___ Records to use

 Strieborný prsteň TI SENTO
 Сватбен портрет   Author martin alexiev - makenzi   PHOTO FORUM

______
___ Records to use

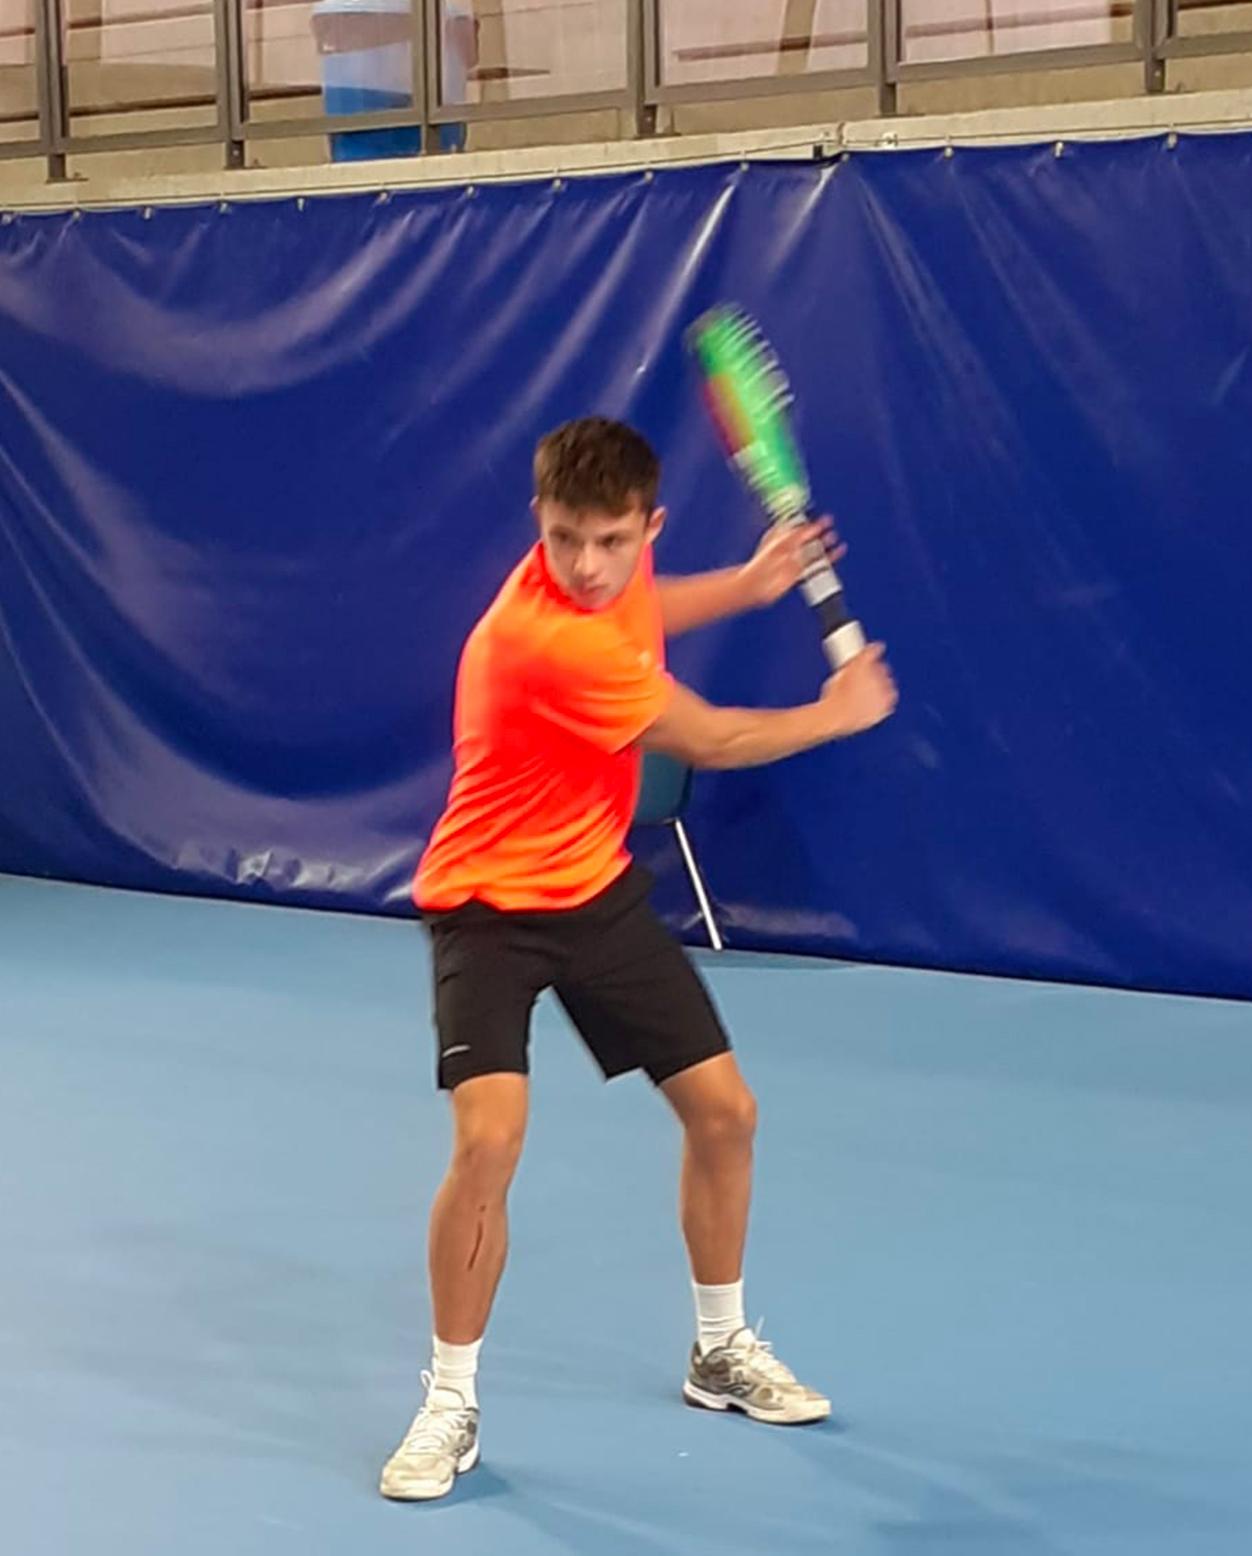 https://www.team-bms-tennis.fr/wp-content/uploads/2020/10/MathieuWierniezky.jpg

______

## Task directions
Copy out the range of lines above starting at the line with "Strieborný prsteň TI SENTO" and ending at the line with "Author martin alexiev", exactly and including both.

## Answer section
 Strieborný prsteň TI SENTO
 Сватбен портрет   Author martin alexiev - makenzi   PHOTO FORUM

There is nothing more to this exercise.